Whitney Palmer

Healthcare. Politics. Family.

In Radiology, Turnaround Time is King

Published on the Nov. 13, 2015, DiagnosticImaging.com website

By Whitney L.J. Howell

In today’s health care environment, radiology is being asked to be the Medical Six Million Dollar Man – the specialty is expected to be better, stronger, and faster than before. And, integral to that achievement is the quickest radiology report turnaround time possible.

The quest for the most rapid turnaround time (TAT) isn’t new – in many ways, it’s been the Holy Grail of radiology for nearly a decade. But, there’s a growing number of tools now available that are designed to shave away the amount of time it takes a radiologist to read a study and return his or her diagnosis to a referring physician. The question plaguing providers – and industry experts – is how fast is too fast?

“Turnaround times are variable. Some tests require 15 minutes to read, such as chest X-rays for pneumonia or CT scans for brain bleeds, and others require longer,” said Eric England, MD, radiology assistant professor and residency director for the University of Cincinnati College of Medicine. “The biggest issue is that this is being used as a way to measure the quality of radiology services. Rather than the quality of the report, more emphasis is placed on the turnaround time.”

According to a 2013 Imaging Performance Partnership TAT survey of 86 hospitals, imaging centers, children’s hospitals, and academic medical centers, hospital and practice leaders rank efficient TATs among their highest priorities – assigning it a 5.7 and 5.5 out of 6 rating, respectively.

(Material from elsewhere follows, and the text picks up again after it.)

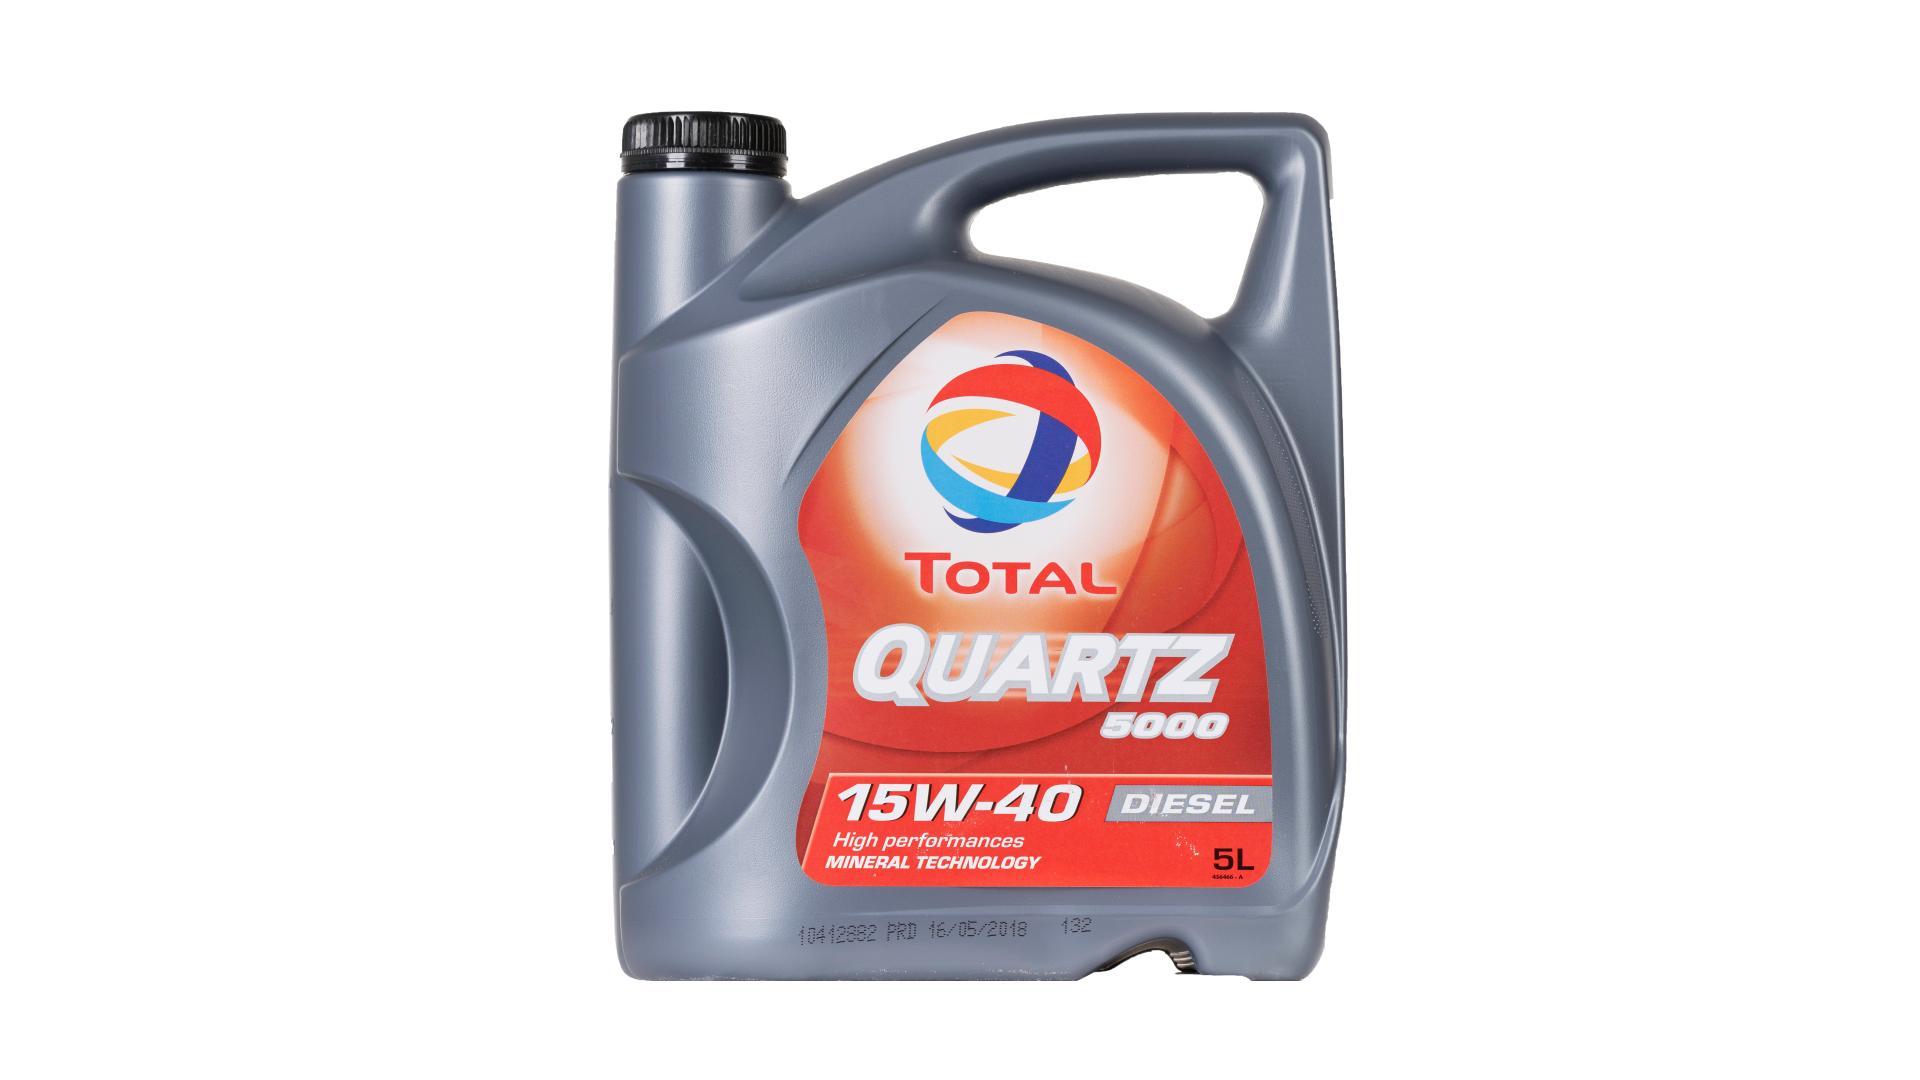 Total 15w-40 diesel 5000 5L (148644)

The emphasis placed on TAT has already sparked changes, based on survey results. Between 2009 and 2012, reading times for non-advanced imaging in all care settings dropped by 54.5%. For example, emergency department (ED) TAT dropped from an average of 2 to 4 hours to between 30 minutes and 2 hours; inpatient times from same day to 4to 8 hours; and outpatient from 24 hours to 4 to 8 hours. Making these changes is vital to demonstrating radiology’s impact and importance, study authors wrote.

“Ensuring radiologist performance on fundamental aspects of reading and reporting is a critical starting point for radiology group leaders looking to remain competitive and demonstrate value to hospital partners,” authors wrote about the survey results.